Goodwin explains how high volume pet retailers rely on high volume producers of those animals. But they’re not sold from producers of those animals directly to pet stores, instead there are brokers along the way and following the route of how individual puppies land at pet stores is nearly impossible. Coincidence? No – there’s no transparency about where the animals are from because the pet stores don’t want you to know where they originate.

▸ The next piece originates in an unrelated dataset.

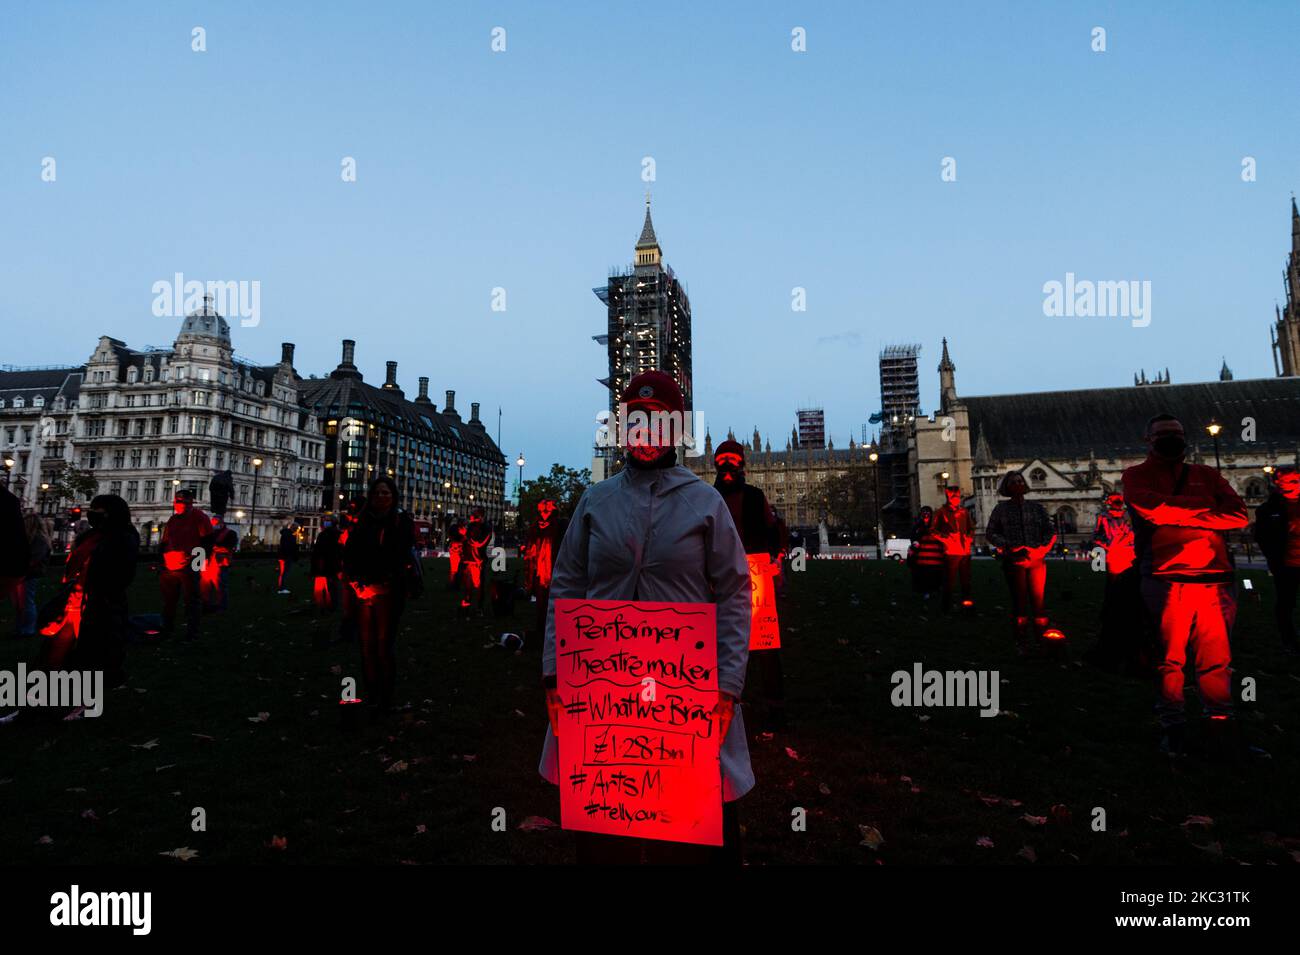 A socially distanced line of #WeMakeEvents supporters and technical crew congregate in the Parliament Square to take their bow following the week’s creative activations on October 31, 2020 in London, United Kingdom. The aim is to showcase the breadth of live events and the technical supply chain that support them, and that live events need government policies in place to help people to return to work and further financial aid until everyone can return. The protest has been organised by We Stand As One #WeMakeEvents who are calling for meaningful support from the Government until the industry i Stock Photo

In Chicago, sales of dogs and cats at pet stores was banned in 2015 by a nearly unanimous City Council vote but some pet stores totally ignored the ban, and defended their actions by saying they are now selling “rescue dogs.” However, an investigative report in the Chicago Tribune showed the stores were in actuality still selling the same puppy mill sourced puppies they always had been selling. Finally, it was Alderman Brian Hopkins (2nd ward) who led an effort to close a loophole in the wording of the original ordinance, and which finally passed despite opposition led by Alderman Ray Lopez (15th ward), who clearly supported pet stores and puppy mills.
As Goodwin says, “The entire commercial pet breeding industry is just broken.”
Goodwin explains, that the puppy sold at a pet store may not be what you think it is. The pet store may sell the pup as say a Lhasa-poo, and that dog may have no Lhasa and no poo if genetic testing is done. And even IF that dog is what it is sold as and even if the pup is healthy medically and behaviorally (for sure hardly a guarantee among pet store sold puppies), the mother and also father of these dogs at puppy mills are literally tortured, used as breeding machines until they die (often without any socialization to people and veterinary care is withheld).
Goodwin simply offers the truth about what puppy mills are like, and offers ways which animal-lovers can help.
We also discuss how getting a purebred dog is just fine if that is what you want and you find a responsible breeder. How do you find a responsible breeder? We also discuss how the American Kennel Club (AKC) is hypocritical because they also say what Goodwin says about visiting the facility and meeting the mother dog and noting if the temperament is what is expected for that specific breed. Yet, the AKC strongly supports pet store purchases of puppies where it is obviously impossible to ever meet the mother dog or see where the dogs are bred.